As music sales and streaming revenue reaches a high of £2.4bn – the highest since 2001, not accounting for significant inflation – the UK video game market, which has grown almost continually for decades, has shrunk by 4.4%. The most significant decline was in boxed video game sales, down 35%.
Data from Digital Entertainment and Retail Association (ERA) puts the total worth of the UK video game market in 2024 at £4.6bn, double the music market and behind TV and movies at £5bn.
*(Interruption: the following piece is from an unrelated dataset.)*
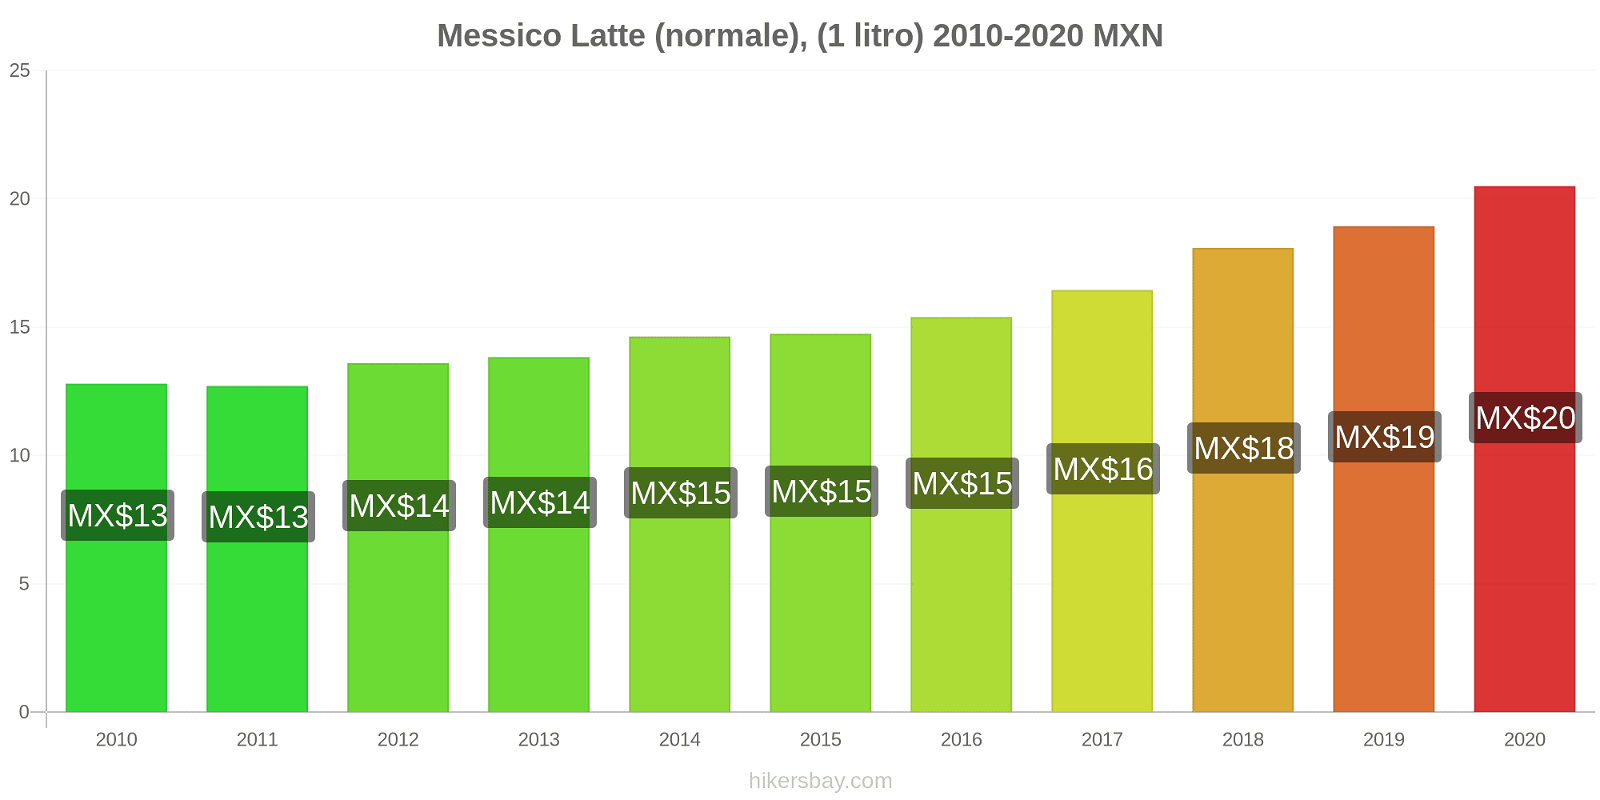 Messico variazioni di prezzo Latte (1 litro) hikersbay.com

The numbers show a shift in players’ purchasing habits that has been ongoing for years, from physical games to digital downloads and in-game purchases in popular, established games such as Fortnite and Roblox. Boxed games now account for 27.7% of new game sales in the UK, according to ERA data.
“We see at least four factors impacting physical sales,” an ERA spokesperson said. “First, gamers becoming more comfortable with console downloads; second, the growing popularity of subscription access; third, the fact that we are in a down period of the console cycle; and finally, the lack of new hit IP. If you look at the top 10 titles [of 2024], there really isn’t much that’s genuinely new that’s broken through.”
The waning of physical sales also reflects a precipitous decline in bricks-and-mortar video game retail. The UK’s one remaining specialist video game retailer, Game, was acquired by Sports Direct owner Frasers Group in 2019, and last year ceased both in-store game pre-orders and pre-owned game sales, as well as shutting down its customer loyalty scheme. As staff told Eurogamer in a report last year, the stores themselves have shifted from stocking a wider variety of video games to toys, action figures and other merchandise, making it difficult for customers to walk in and purchase a boxed game on the high street even if they want to, unless it is an established top-seller such as Call of Duty or EA Sports FC.
“The 35% decline in UK boxed game sales reflects a broader global shift,” says NYU Stern professor and market analyst Joost van Dreunen. “We’re seeing similar patterns across major markets, though the pace varies by region … Boxed games won’t disappear entirely but are unlikely to regain their former market position. The digital distribution models that have been popularised over the past decade better serve both publishers and consumers. Physical formats will likely persist as premium collector’s items or in markets where digital infrastructure is still developing, but they’ll represent an increasingly niche segment of the market.”
Download sales were also down slightly, 5% on PC and 15% on console. Subscription revenue, meanwhile, rose 12%, and revenue from mobile and tablet games rose 2.6%.
After a period of rapid growth during and in the immediate aftermath of the Covid-19 pandemic, the global games industry has contracted. A drought of new investment, combined with corporate publisher belt-tightening, resulted in around 15,000 lost jobs across the industry in 2024. But in 2025, analysts expect a recovery in sales and revenues, driven by Nintendo’s successor to the 150m-selling Switch console and by Grand Theft Auto 6.